How User Research Can Influence Your Help Documentation

User research is always a daunting prospect.

Getting people on calls to discuss your project—the thing you've spent months or years working on—and asking for their honest opinion. Yikes!

Yet user research is one of the fundamental backbones of improvement.

Projects built in silos rarely work in the real world. People don't act the way we expect them to.

With your Knowledge Base it's no different.

You might think you've covered every topic, designed the most navigatable layout, and created the best support flow. But it's not until you watch someone using it that you truly understand whether it's a good experience.

In this post we're diving deep into help documentation user research and how it can transform your help content.

We'll be spilling all the juicy details on the perks of user research for your Knowledge Base, different methods, and how to use those insights to improve your documentation.

But before we get into the good stuff, let's take a quick peek at why you should consider user research as a fundamental part of improving your user experience.

The Common Pitfalls of Ignoring Help Documentation User Research

So you're thinking about neglecting user research, huh? Well, let me warn you, it's like diving into a pool blindfolded—you're bound to make a big ol' splash, not in a good way.

Here are some calamities that could befall you: 

🏔️ Assumption Avalanche

Without help documentation user research, you're playing a never-ending game of guessing. Assuming users act a certain way is a major and common pitfall.

One example is assuming how people will use your search function. Many companies think users will type in long questions like how to create a new user when, in fact, many people are far too lazy (myself included 🙋) and will type in create new user.

This assumption will waste your team's time by targeting long-tail keywords for search rather than focussing on how your customers will type.

😪 Frustration Fiesta

Picture this—users come to your documentation with hope in their hearts, only to be greeted by a maze of confusion. What do they do?

They'll get in touch.

And it won't just be the once. After a few tries with your documentation, they'll go directly to your support team with questions—never again stepping foot inside your catalog of help.

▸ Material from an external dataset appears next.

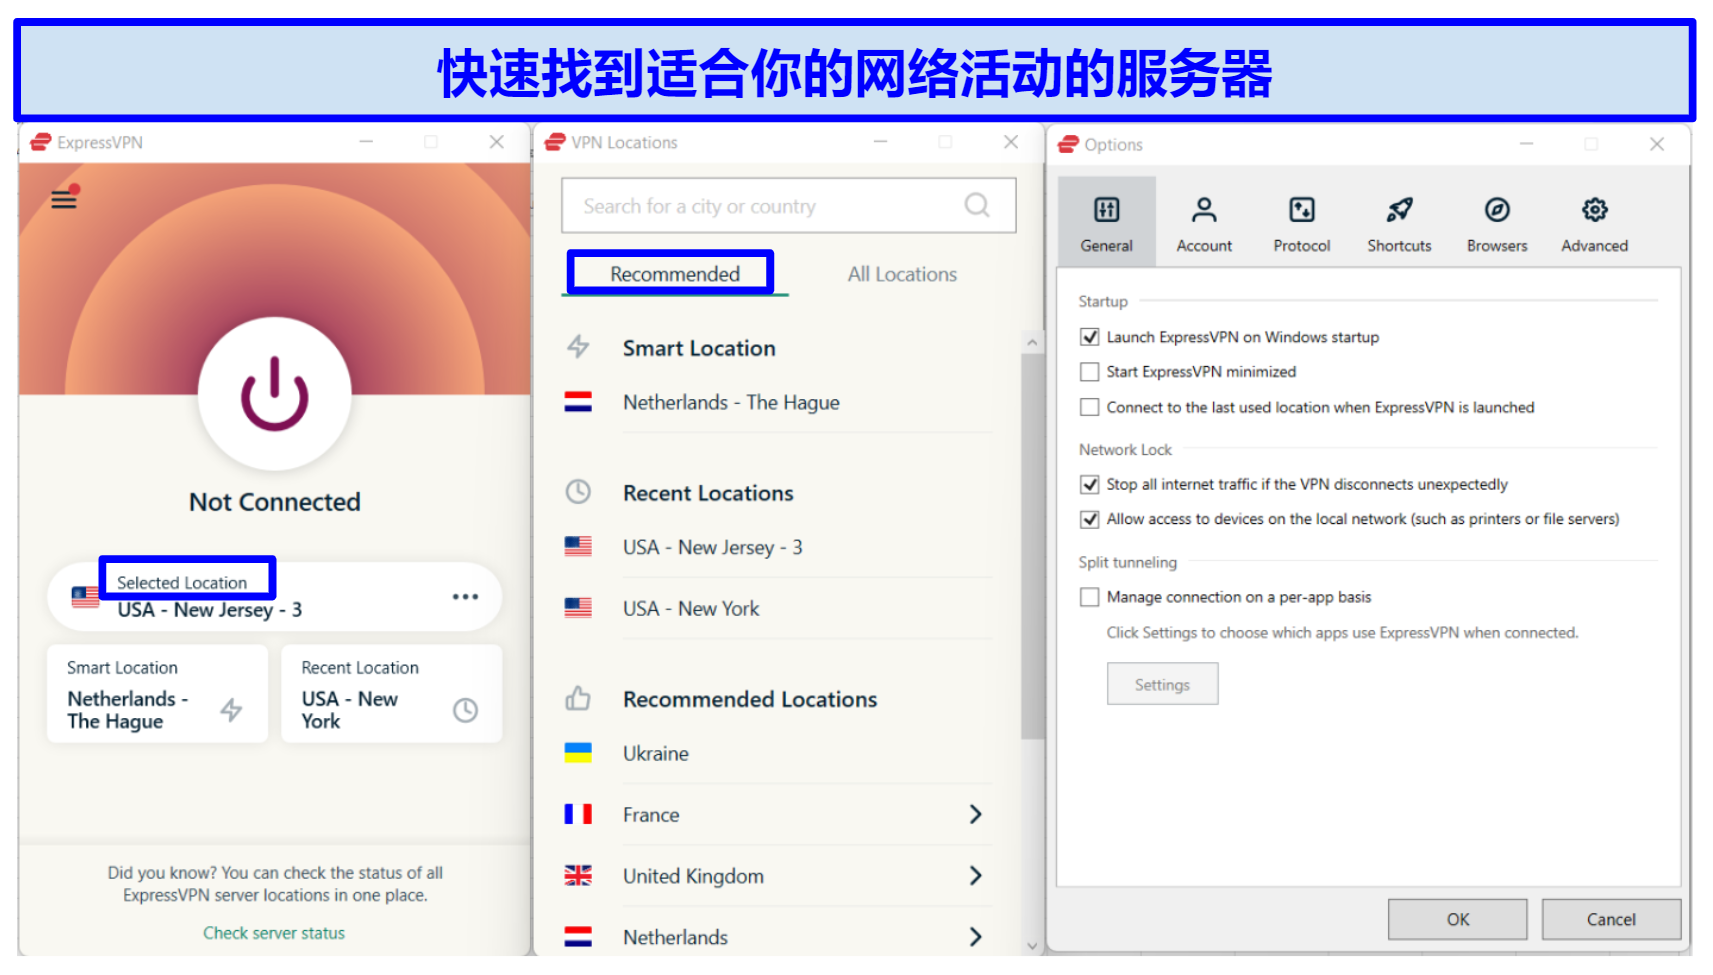 Screenshot of ExpressVPN's easy-to-use interface

This can commonly happen with fullscreen or confusingly worded cookie popups. If they have trouble getting past the cookie banner, they won't try again. Avoid the chaos.

🧙 Missed Magic Moments

Ah, the sweet sound of opportunity knocking. But wait, you can't answer because you didn't do your research? Whelp.

By neglecting user wants and needs, you might be missing out on golden chances to make your documentation shine brighter than a disco ball. Don't be the person who closes the door on opportunity—be the one who invites it in for tea and crumpets!

What's an example of a magic moment with your help documentation? It could be something as simple as the customer finding the answer they need or something as complicated as a magical custom HTML component that guides them to find the solution.

The Magic of User Research

User research is like having a trusty compass that leads you on a wild adventure to create exceptional help documentation for your audience. It's all about getting to know your users inside and out—their needs, preferences, and even their pain points.

This process is super-duper necessary for a bunch of reasons: 

🔭 Audience-Centric Awesomeness

With user research, you won't have to play the guessing game when creating a user-centric Knowledge Base. Instead, you'll have solid data to guide and tailor your content to your audience's needs.

Let's say you run an e-commerce shop and notice potential customers clicking inside a specific category 90% of the time.

Bringing the articles inside this category to the top (i.e., your help documentation home page) saves them clicks and makes the process seamless.

🌱 User Adoption Magic

Creating content that speaks directly to users' needs makes them more likely to embrace it with open arms. They'll also become your biggest fans and recommend your product to their pals.

If similar topics are grouped, and your search function brings sensible suggestions to the top most of the time, they'll know they can rely on your documentation and save time not getting in touch and writing out an email.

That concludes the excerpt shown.